The magnitude of the radial force pressing the stepped ring to the piston step does not matter, therefore, the area of the inner vertical surface of the upper sealing ring can be determined from structural considerations.

The effectiveness of the piston seal depends entirely on the magnitude of the radial force pressing the compression ring against the cylinder wall. Therefore, the magnitude of the radial force pressing the compression ring against the cylinder wall must be strictly regulated, relating its value to the magnitude of the axial force acting on the upper stepped ring and the upper sealing ring.

In order to neutralize the negative effect of gas-dynamic processes occurring in the piston groove on the operation of the compression ring, it is necessary to equalize the axial and radial forces acting on the compression ring, that is, F _o = F _rad . At the same pressure in the piston groove, this can be done only if the area of the upper ends of the stepped ring and the upper sealing ring, on which the axial force acts, is equal to the area of the inner vertical surface of the sealing ring, which is affected by the radial force, i.e., S ₁ = S ₂ .

The area of the inner vertical surface of the sealing ring S ₂ defined by the formula: S ₂ = 2πr ₂ h.

To equalize the area S ₁ = S ₂ , it is necessary to use a design parameter, the change of which did not affect the specified characteristics of the engine.

Leaving the parameters of the area S ₁ unchanged, in the area formula S ₂ it is possible to vary the height parameter of the lower sealing and compression rings, which developers in the world practice of engine building are so subjectively operating at present.

So, π (r ₁ ² -r ₂ ² ) = 2πr ₂ h; therefore, h = S ₁ / 2πr ₂ .

The equality of forces F _o = F _rad makes it possible for the design forces of their own elasticity of the compression and sealing rings to press the working surface of the compression ring against the cylinder wall.

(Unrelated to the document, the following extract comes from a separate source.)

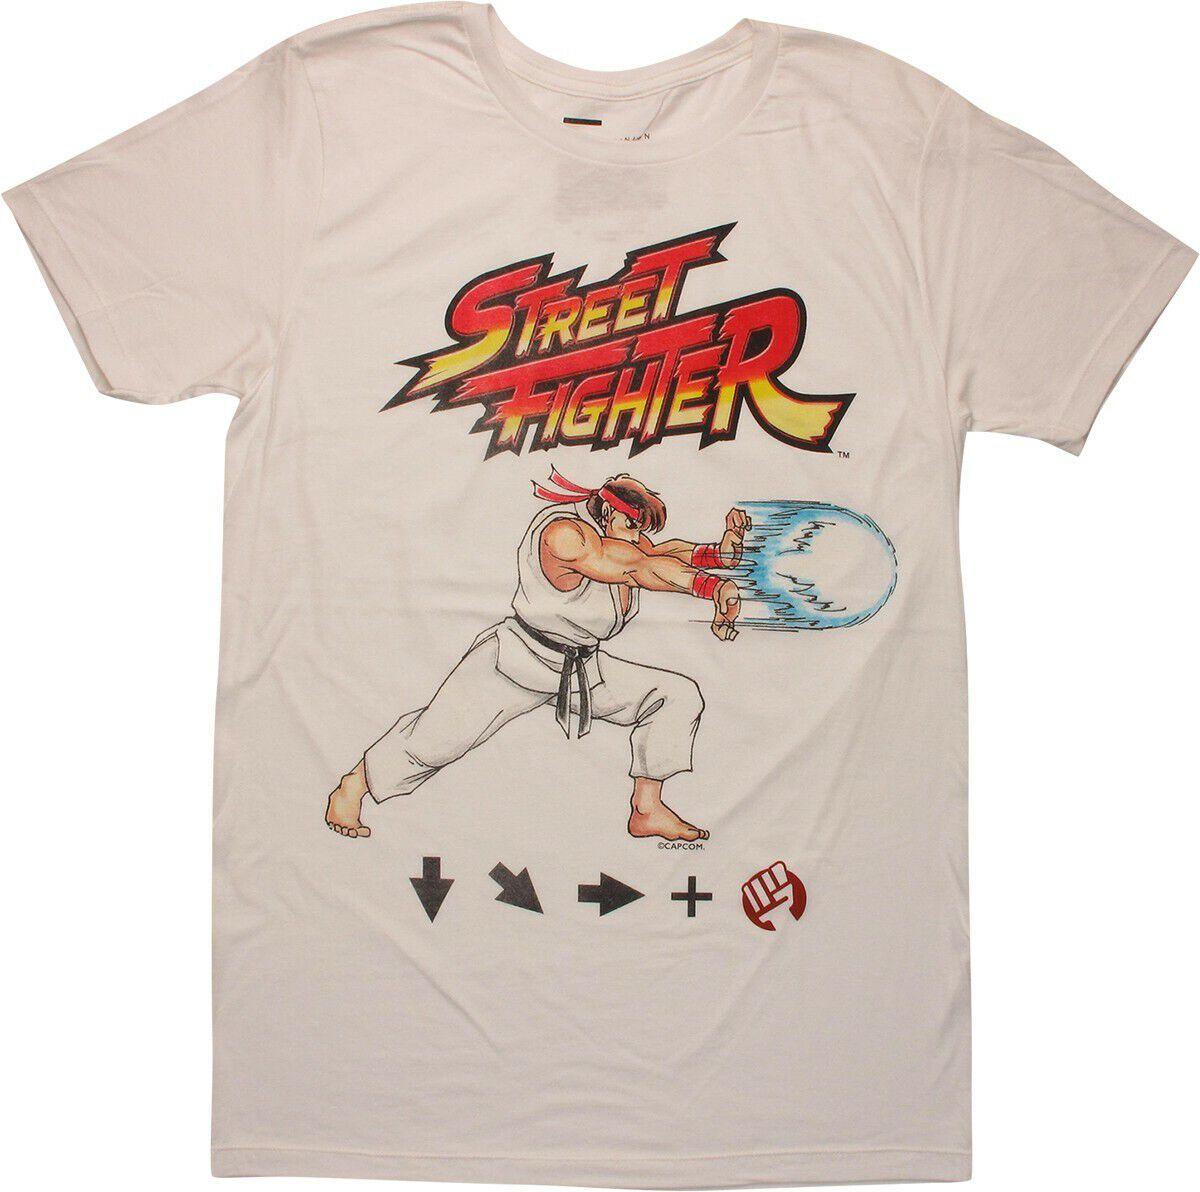 Street Fighter Ryu Hadouken Control White T-Shirt

The obtained formula for determining the height of the compression and sealing rings at the compression ring retains its elastic properties and its performance on all clock cycles of the engine. It allows you to use the calculated value of the pressure of the working gases bursting into the piston groove to obtain the optimal pressing force of the working surface of the compression ring against the cylinder wall.

The resulting formula should be used to calculate the height of the compression ring depending on its outer and inner diameters (that is, the radii r ₁ and r ₂ ) in conventional piston seals currently used in engine building.

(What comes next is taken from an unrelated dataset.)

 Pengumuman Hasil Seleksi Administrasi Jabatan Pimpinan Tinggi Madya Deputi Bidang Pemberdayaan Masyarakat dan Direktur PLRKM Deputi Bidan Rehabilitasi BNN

The use of a piston seal, in which the height of the compression and sealing rings is calculated according to the established dependence, will significantly reduce the mechanical loss of friction of the rings on the cylinder walls, increase engine efficiency, reduce fuel and engine oil consumption, increase the overhaul and overall engine life, and improve its environmental performance.

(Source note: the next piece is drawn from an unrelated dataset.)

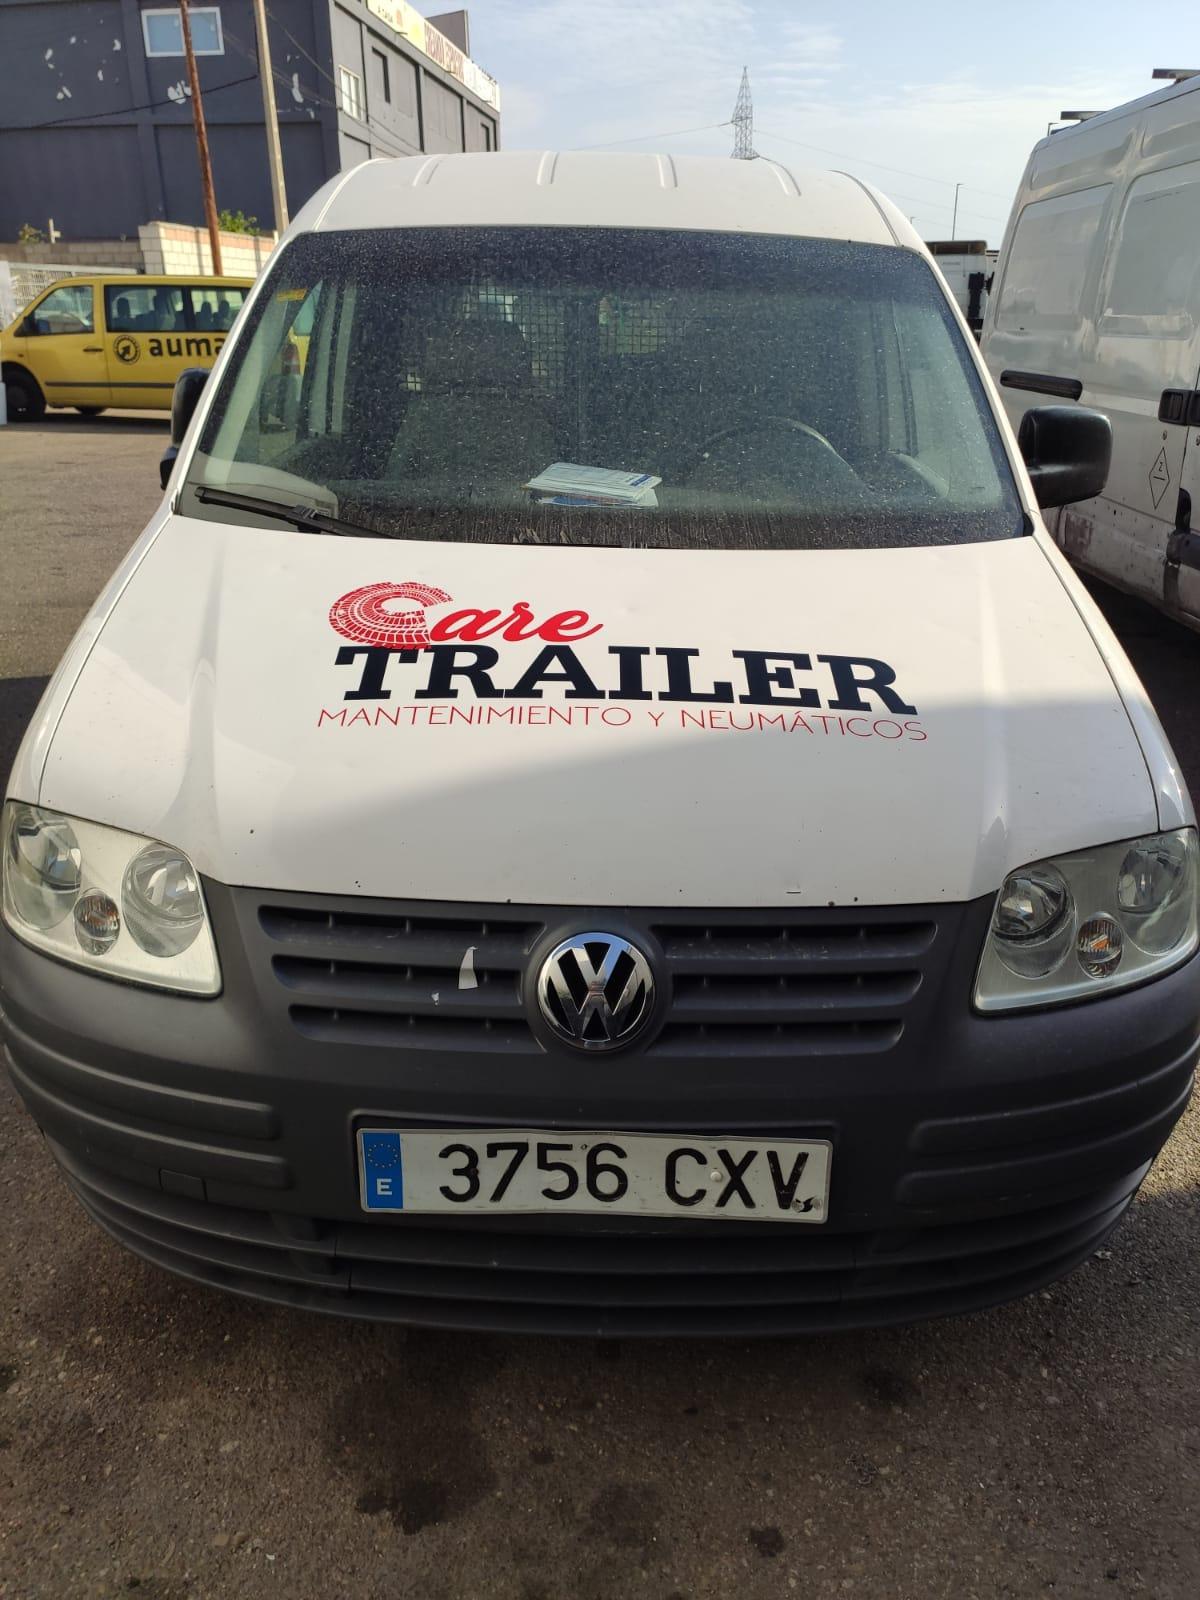 Caretrailer rotulacion furgoneta 2

In addition, it will serve as a tool for standardizing the size of compression rings, eliminating subjective decisions when designing new engines and piston seals for them.

The drawing shows a partial section of an internal combustion engine.

The internal combustion engine comprises a cylinder 1, a piston 2, a stepped ring 3, a piston groove 4, an upper sealing ring 5, a compression ring 6 and a lower sealing ring 7.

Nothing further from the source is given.